Nach § 166 VwGO i. V. m. § 114 ZPO erhält ein Beteiligter, der nach seinen persönlichen und wirtschaftlichen Verhältnissen die Kosten der Prozessführung nicht, nur zum Teil oder nur in Raten aufbringen kann, auf Antrag Prozesskostenhilfe, wenn die beabsichtigte Rechtsverfolgung oder Rechtsverteidigung hinreichende Aussicht auf Erfolg bietet und nicht mutwillig erscheint.

Ausgehend von den verfassungsrechtlichen Vorgaben, dem Unbemittelten einen weitgehend gleichen Zugang zu Gericht zu ermöglichen und die eigentliche Prüfung der Sach- und Rechtslage nicht in das Nebenverfahren der Prozesskostenhilfe vorzuverlagern, dürfen die Anforderungen an die hinreichende Erfolgsaussicht nicht überspannt werden. Der Erfolg muss nicht gewiss sein, es genügt eine gewisse Wahrscheinlichkeit, die bereits gegeben ist, wenn ein Obsiegen ebenso gewiss ist wie ein Unterliegen (vgl. Schmidt, in: Eyermann, VwGO, 12. Aufl., § 166 Rn. 26). Prozesskostenhilfe muss nicht immer schon dann gewährt werden, wenn die entscheidungserhebliche Rechtsfrage noch nicht höchst- oder - bei der Anwendung von Landesrecht - obergerichtlich geklärt ist. Die Ablehnung der Gewährung kann ungeachtet einer solchen Klärung gerechtfertigt sein, wenn die Rechtsfrage angesichts der gesetzlichen Regelung oder im Hinblick auf von bereits vorliegender Rechtsprechung bereitgestellte Auslegungshilfen ohne Schwierigkeiten beantwortet werden kann. Ist dies dagegen nicht der Fall und steht eine höchst- oder obergerichtliche Klärung noch aus, läuft es dem Gebot der Rechtsschutzgleichheit zuwider, dem Unbemittelten wegen fehlender Erfolgsaussichten seines Begehrens Prozesskostenhilfe vorzuhalten. Denn dadurch würde der unbemittelten Partei im Gegensatz zu der bemittelten die Möglichkeit genommen, ihren Rechtsstandpunkt im Hauptsacheverfahren darzustellen und von dort aus in die höhere Instanz zu bringen (vgl. BVerfG, Beschl. v. 14.6.2006, BayVBl. 2006, 677 m. w. N.).

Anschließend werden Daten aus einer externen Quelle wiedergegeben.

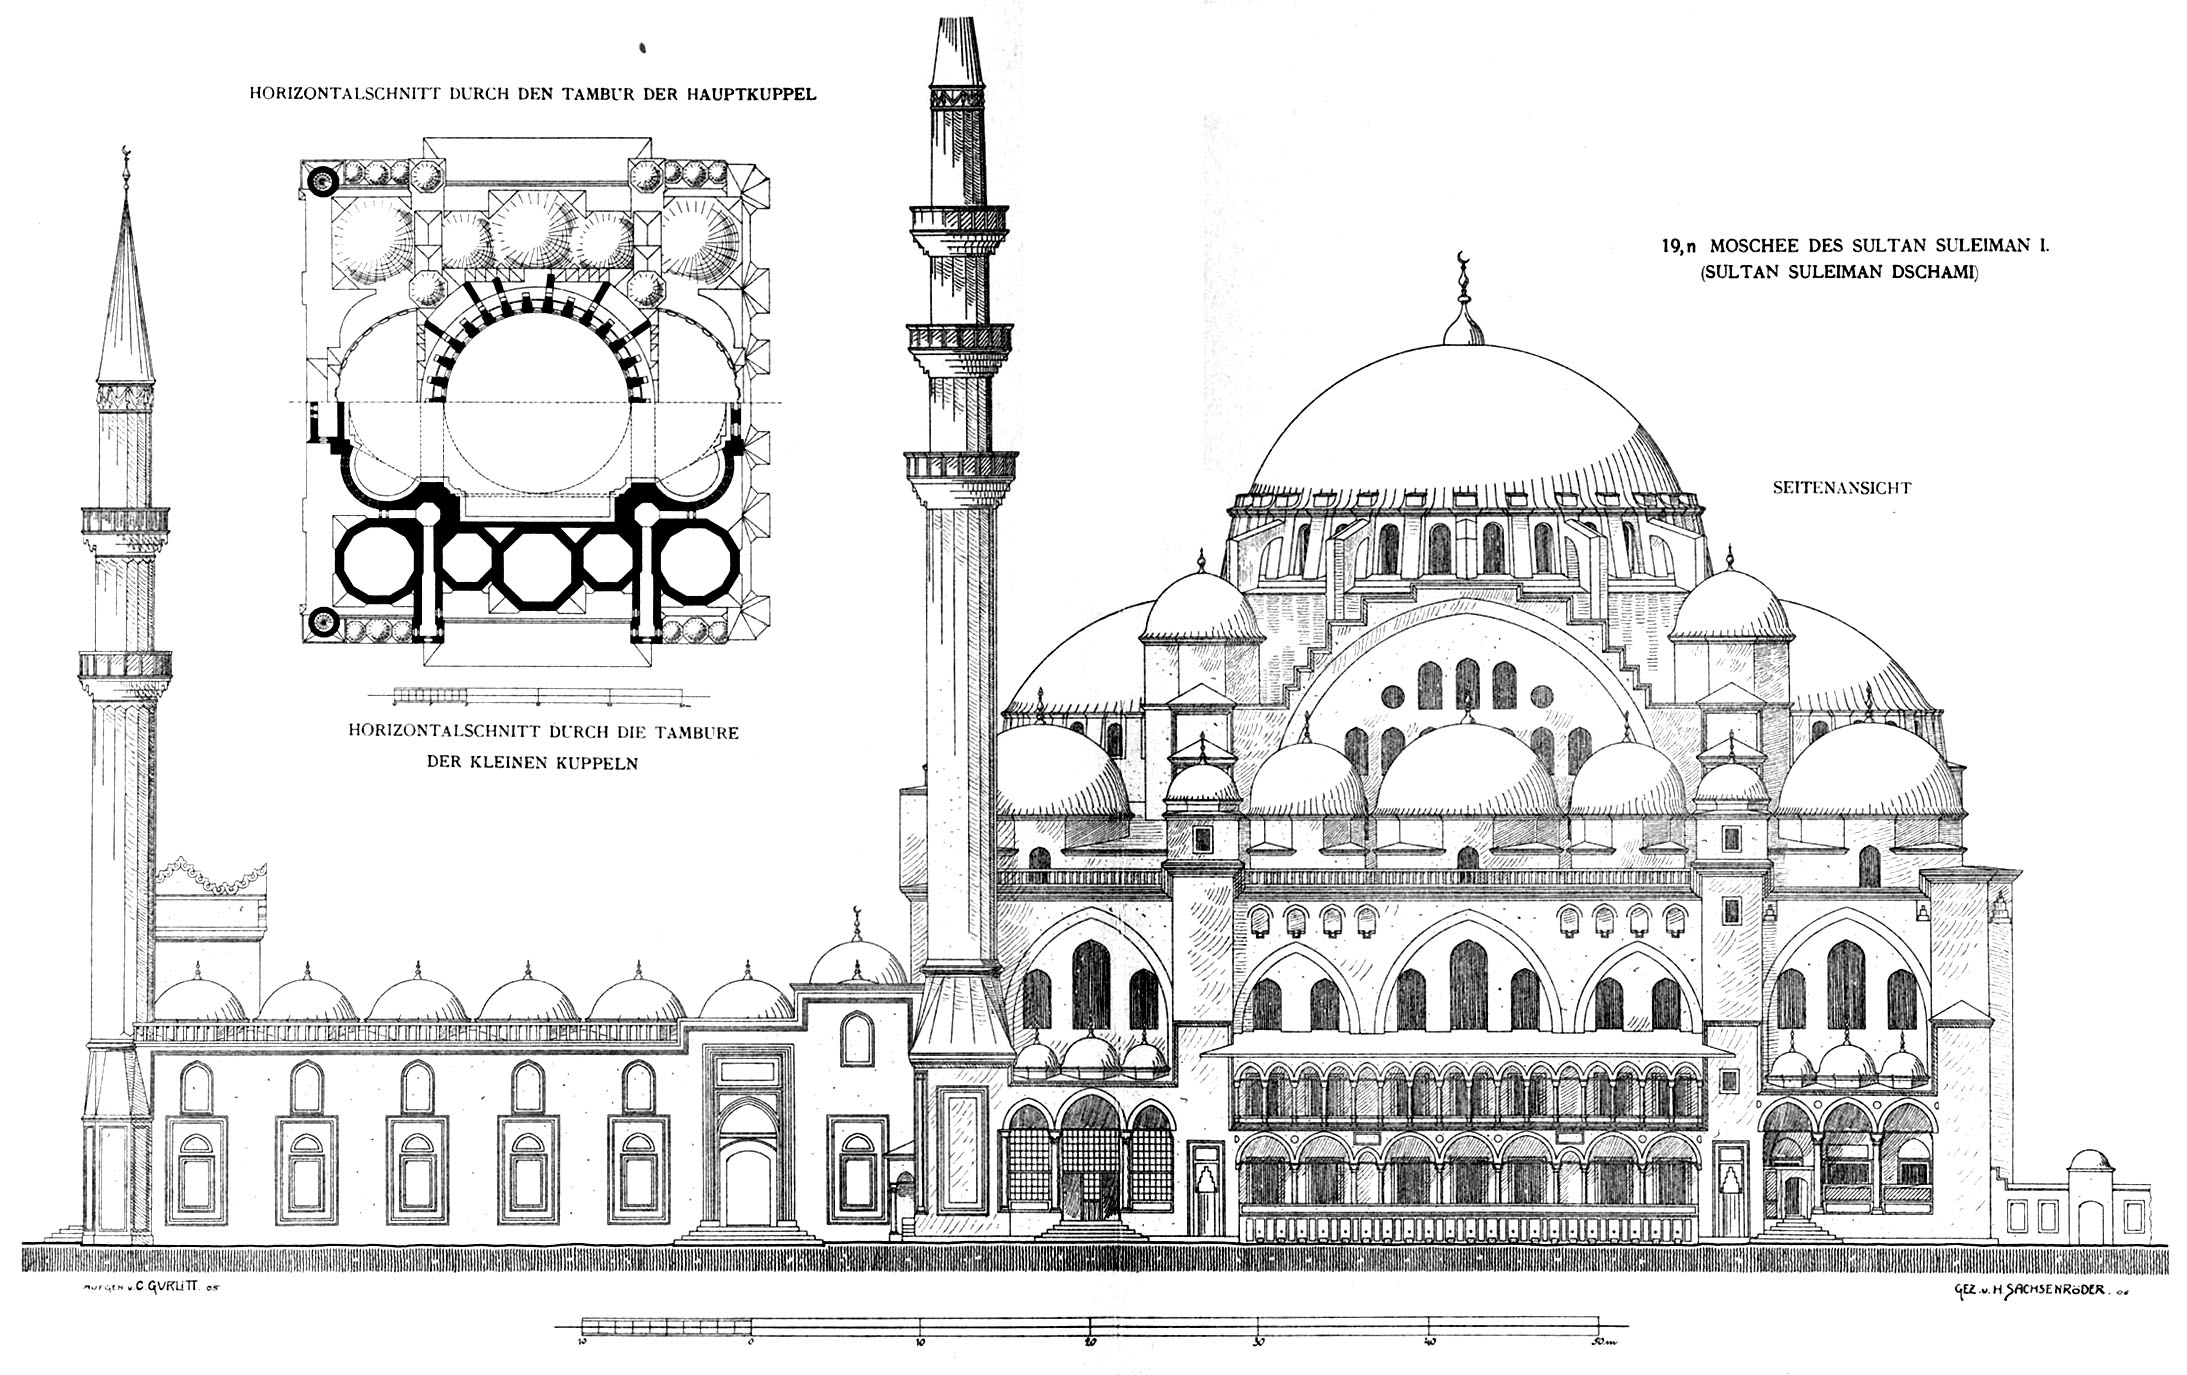 Reflexiones Sobre Un Clasicismo Contemporaneo Tipologias En La Arquitectura Islamica I Mezquitas

Gemessen an diesen Maßstäben war die Beschwerdeeinlegung durch die Antragstellerin nicht ohne Aussicht auf Erfolg. Zwar hat der Senat letztlich die Erfolgsaussichten im Eilverfahren verneint. Auch ist höchstrichterlich geklärt, dass Krankheiten und Behinderungen nicht durch geringere Prüfungsanforderungen ausgeglichen werden müssen. Die Frage, ob § 62 Abs. 1 SchulG sowie § 4 Abs. 2 SOMIAP dem Gesetzesvorbehalt genügen und welche Folgerungen im Eilverfahren daraus zu ziehen wären, wenn die Regelungen den Anforderungen des Gesetzesvorbehaltes nicht gerecht werden, hat der Senat indes bislang nicht entschieden. Sie lassen sich auch nicht ohne weiteres aus dem Gesetz beantworten.

Die Kostenentscheidung folgt aus § 154 Abs. 2 VwGO.

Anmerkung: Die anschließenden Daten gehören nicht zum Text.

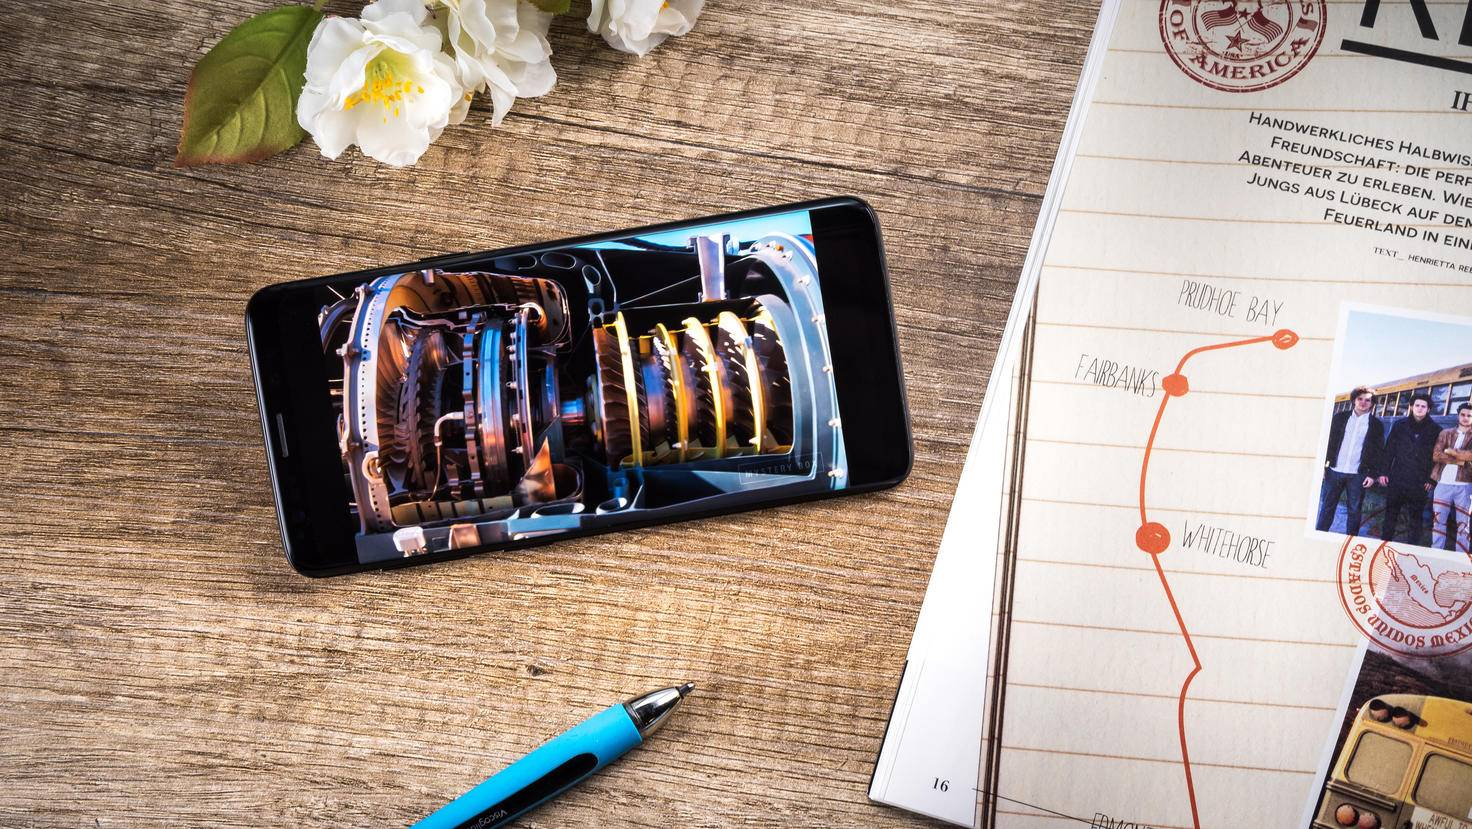 Samsung-Galaxy-S9-HDR-1

Die Streitwertfestsetzung beruht auf § 63 Abs. 2, § 47 Abs. 1, § 53 Abs. 3 Nr. 2 und § 52 Abs. 2 GKG. Wegen der zumindest teilweise begehrten Vorwegnahme der Hauptsache erscheint eine Halbierung des Auffangstreitwertes nicht angezeigt (vgl. Nr. 1.5 des Streitwertkataloges für die Verwaltungsgerichtsbarkeit, abgedruckt z. B. bei Kopp/Schenke, VwGO, 15. Aufl., Anh § 164 Rn. 14).

Der Beschluss ist unanfechtbar (§ 152 Abs. 1 VwGO, § 68 Abs. 1 Satz 5 i. V. m. § 66 Abs. 3 Satz 3 GKG).